Skip site navigation (1) Skip section navigation (2)

Re: VACUUM FREEZE output more than double input

From: Tom Lane <tgl(at)sss(dot)pgh(dot)pa(dot)us>
To: "Kevin Grittner" <Kevin(dot)Grittner(at)wicourts(dot)gov>
Cc: pgsql-performance(at)postgresql(dot)org
Subject: Re: VACUUM FREEZE output more than double input
Date: 2007-12-14 23:59:51
Message-ID: 15401.1197676791@sss.pgh.pa.us (view raw or flat)
Thread:
Lists: pgsql-performance
"Kevin Grittner" <Kevin(dot)Grittner(at)wicourts(dot)gov> writes:
> Why double writes per read, plus massive writes at checkpoint?

The double writes aren't surprising: freezing has to be WAL-logged,
and the odds are that each page hasn't been touched since the last
checkpoint, so the WAL log will include a complete page image.
So in the steady state where all shared buffers are dirty, the
per-page cycle is:
	* write out a dirty buffer so it can be reclaimed
	* read in a page
	* modify it to mark tuples frozen
	* write an image of the page to WAL
	* leave the now-dirty page in shared buffers for later writing

The checkpoint spikes would come from trying to flush out all the
dirty buffers at once.

You'd expect a bit of a valley after each peak, since the vacuum
could presumably recycle some buffers without having to flush 'em
first; but I don't see one in your data.  That may just be because
the numbers are too noisy, but I kinda suspect that the vacuum is
dirtying buffers nearly as fast as the bgwriter can clean them,
leaving not a lot of daylight for a valley.
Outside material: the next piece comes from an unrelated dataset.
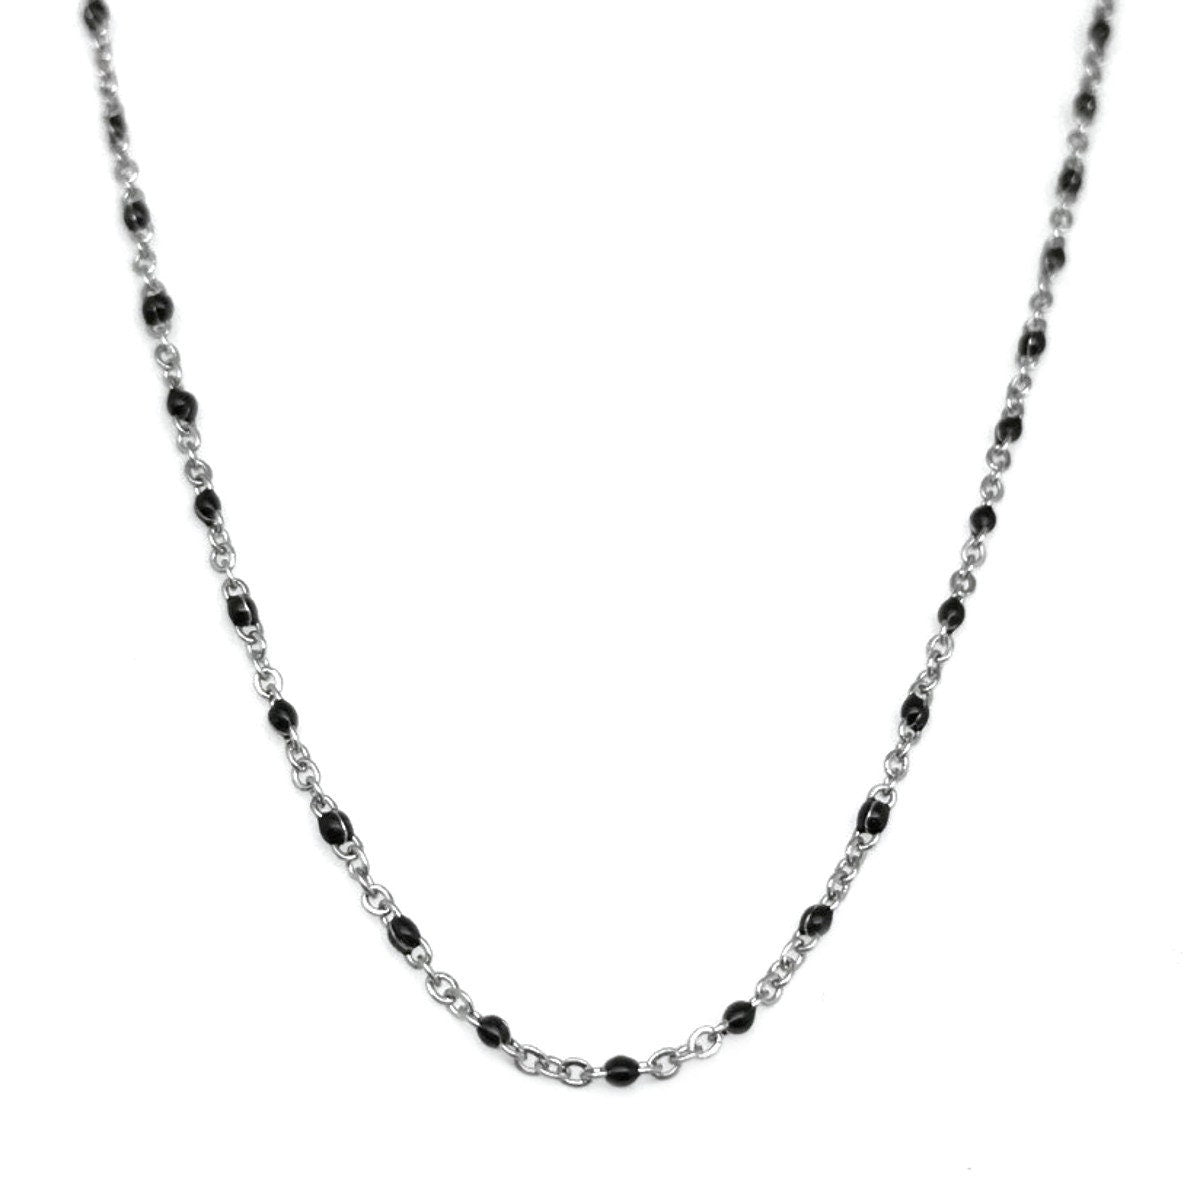 Thin Steel and Black Resin Bead Necklace Chain (1.5mm), 16
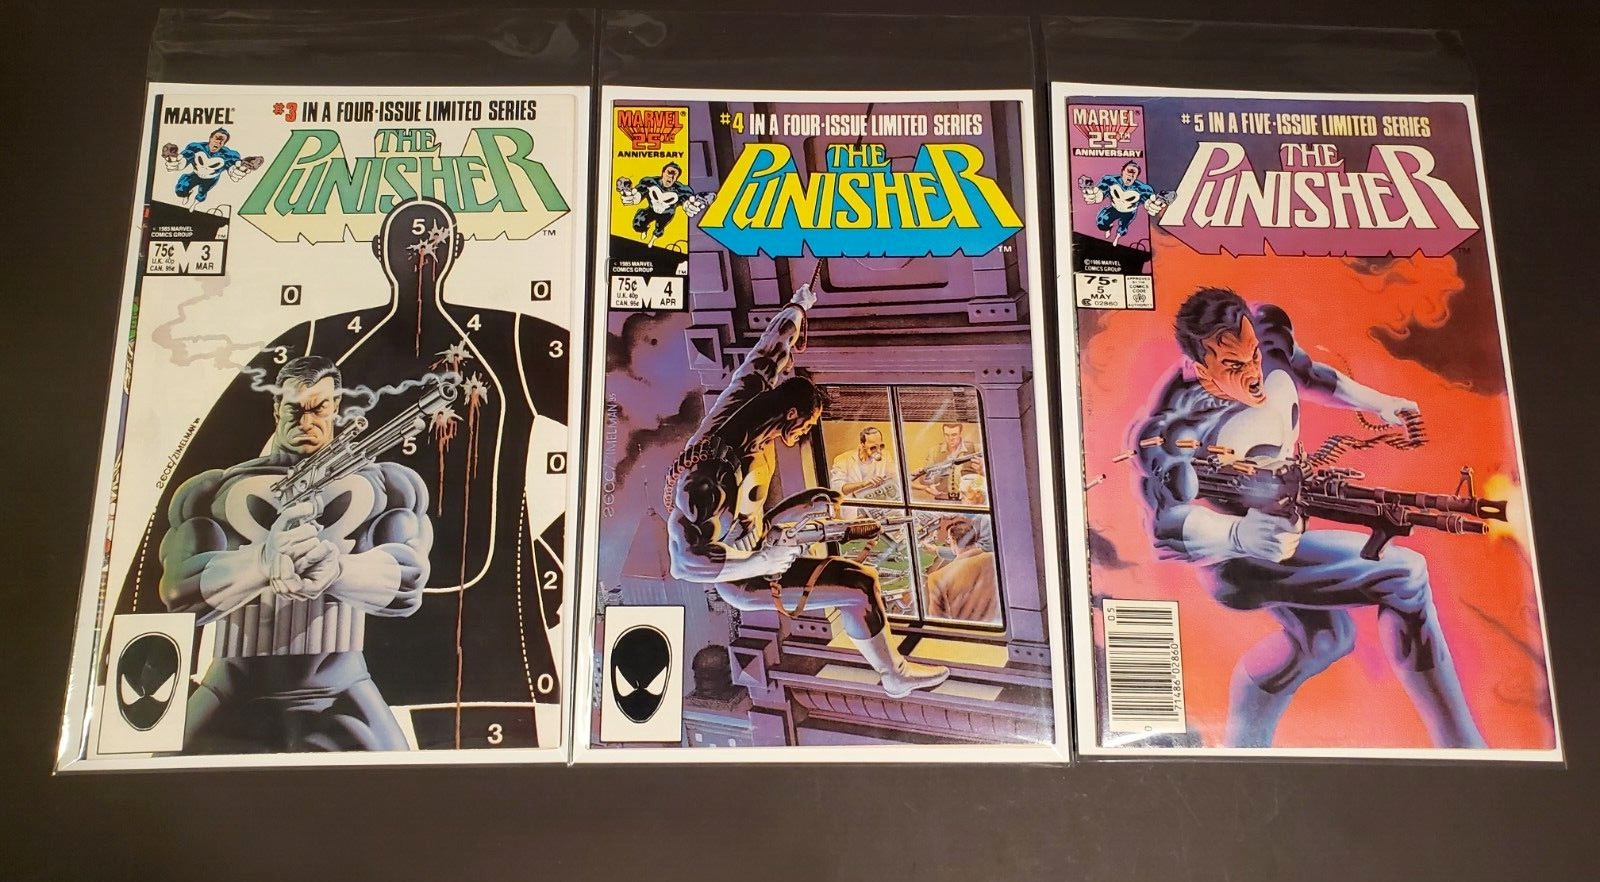 The Punisher #3-5 Limited Series (Marvel 1985) ☆ 3 Comic Lot ☆ Authentic ☆

8.3 should pretty well eliminate the checkpoint spike in this scenario,
because vacuum will work in a limited number of shared buffers instead
of dirtying the whole cache.  But you'll still see 2X writes over reads.

If this is data that you could re-generate at need, it might make sense
to turn off full_page_writes during the initial data load and vacuum.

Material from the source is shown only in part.